April 29, 2024

Premier under fire for failed stadium deal

VANCOUVER – British Columbia’s Liberal government has offered yet another excuse to explain the failure of a deal to give Telus (TSX:T) the naming rights to Vancouver’s BC Place stadium: the negotiations were hurting the province’s relationship with the telecom giant.

It was the latest in a series of constantly shifting explanations for why the 20-year, $ 40-million deal fell apart last week, ranging from vague assertions that the agreement was somehow bad for taxpayers, nostalgia over the stadium’s current name, and the size of a sign Telus planned to erect at the site.

On Tuesday, Tourism Minister Pat Bell suggested the deal was killed because negotiations were hurting the province’s relationship with Telus, and it was better to bow out now than damage that partnership further.

Premier Christy Clark rejected the suggestion her government was changing its story.

“It was a complicated deal,” she said. “There was a number of elements in it that didn’t make it the best deal for taxpayers, so I think when you talk about (the size of the sign), it’s an example of” why it was a bad deal, Clark told reporters at an unrelated announcement in North Vancouver.

“We didn’t accept this deal because it wasn’t the best deal for taxpayers.
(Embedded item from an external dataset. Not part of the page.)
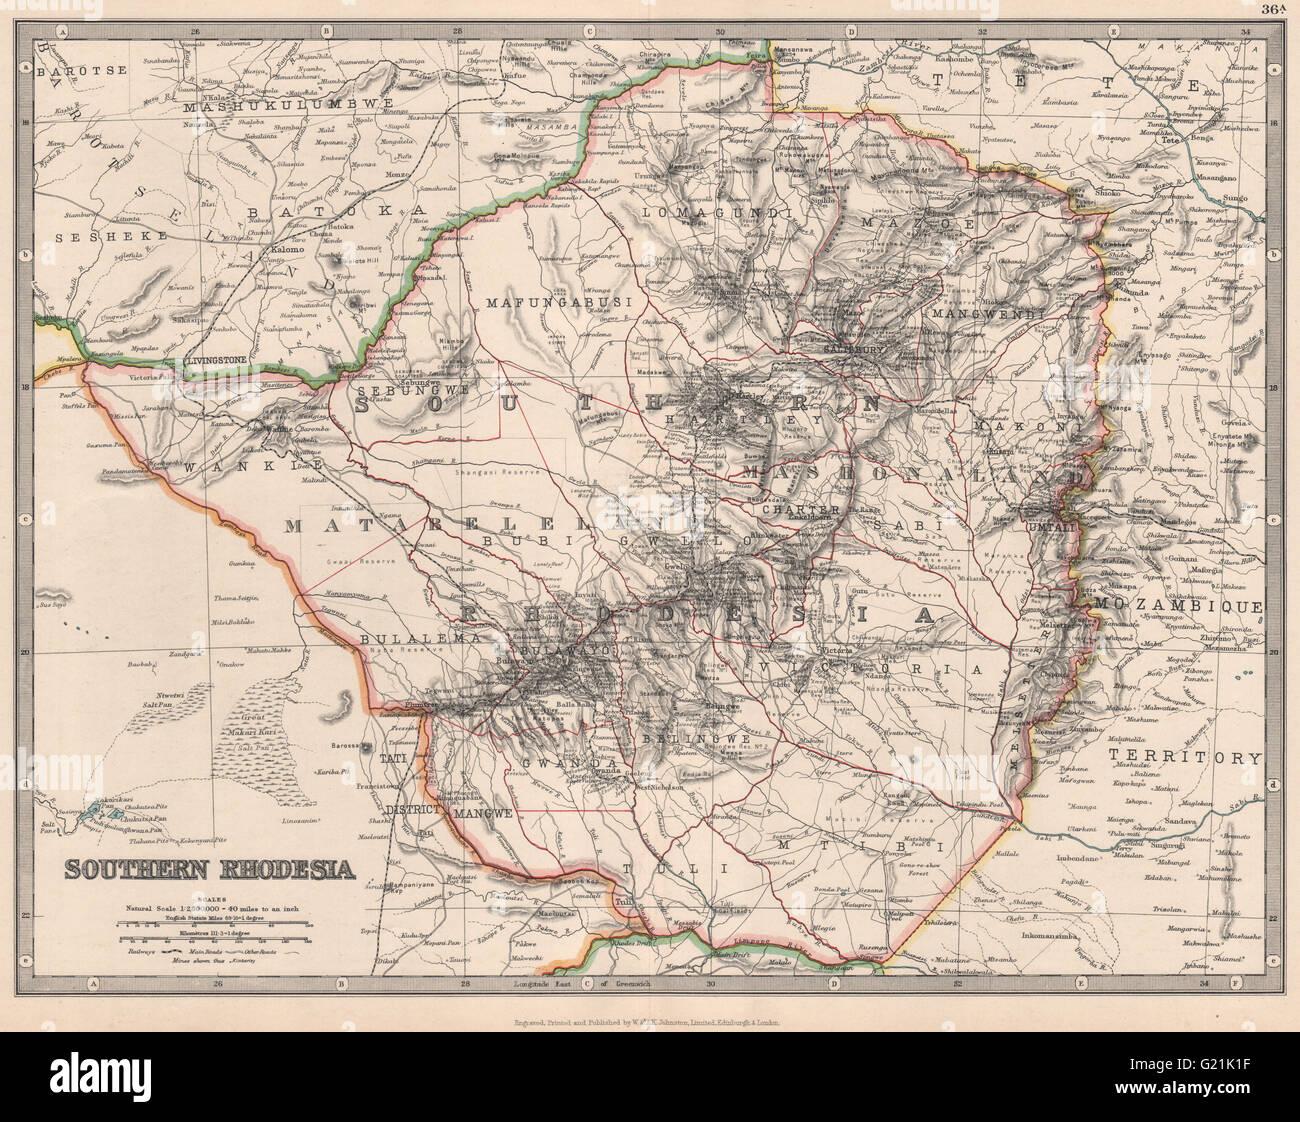 SOUTHERN RHODESIA now Zimbabwe SalisburyHarare Railways Stock

It wasn’t the best deal for taxpayers a week ago when I answered those questions, it wasn’t the best deal for taxpayers on Friday when I answered those questions, and it’s not the best deal for taxpayers today.”

Bell, whose cabinet portfolio includes BC Place, announced last week that the province had scrapped a deal to give Telus the naming rights to the stadium.

The proposal included $ 35 million over 20 years, as well as $ 5 million of in-kind contributions from Telus. The deal also would have included the value of telecommunications infrastructure already installed at BC Place, where $ 400 million in renovations to replace its roof were completed last year.

Initially, Bell said the proposal “did not provide best value for taxpayers,” without explaining what that meant.

He added fondness for the current name, which the stadium has had since it opened in the early 1980s, may have been the deciding factor: “It came down to the final principle of retaining the name ‘BC Place,'” he said last Wednesday.

This week, the government suggested the deal fell apart because Telus planned to install signs outside the stadium that were too large, before suggesting the bill was sacrificed to save his government’s relationship with the company.

Neither Bell nor Clark has ever explained why the deal was bad for taxpayers, aside from the size of the sign, or why the negotiations were so fraught.

Last week, Telus president Darren Entwistle said the company was “deeply disappointed with this decision,” which he described as “regrettable.”

On Tuesday, a Telus spokesman, speaking on background, said the company was flexible in negotiations, particularly when it came to the sign. The spokesman said the company agreed to reduce the size of the sign without changing the value of the sponsorship.

The Opposition New Democrats have hammered away at the failed BC Place deal to criticize the Liberals’ business acumen.

“It’s incompetence at every level,” NDP Leader Adrian Dix told reporters in Victoria.

“They asked Telus to get involved in this. They strung them around for two years. They have a different explanation every day. … Treating a business that does business everywhere in this province this way doesn’t make sense to the economy.”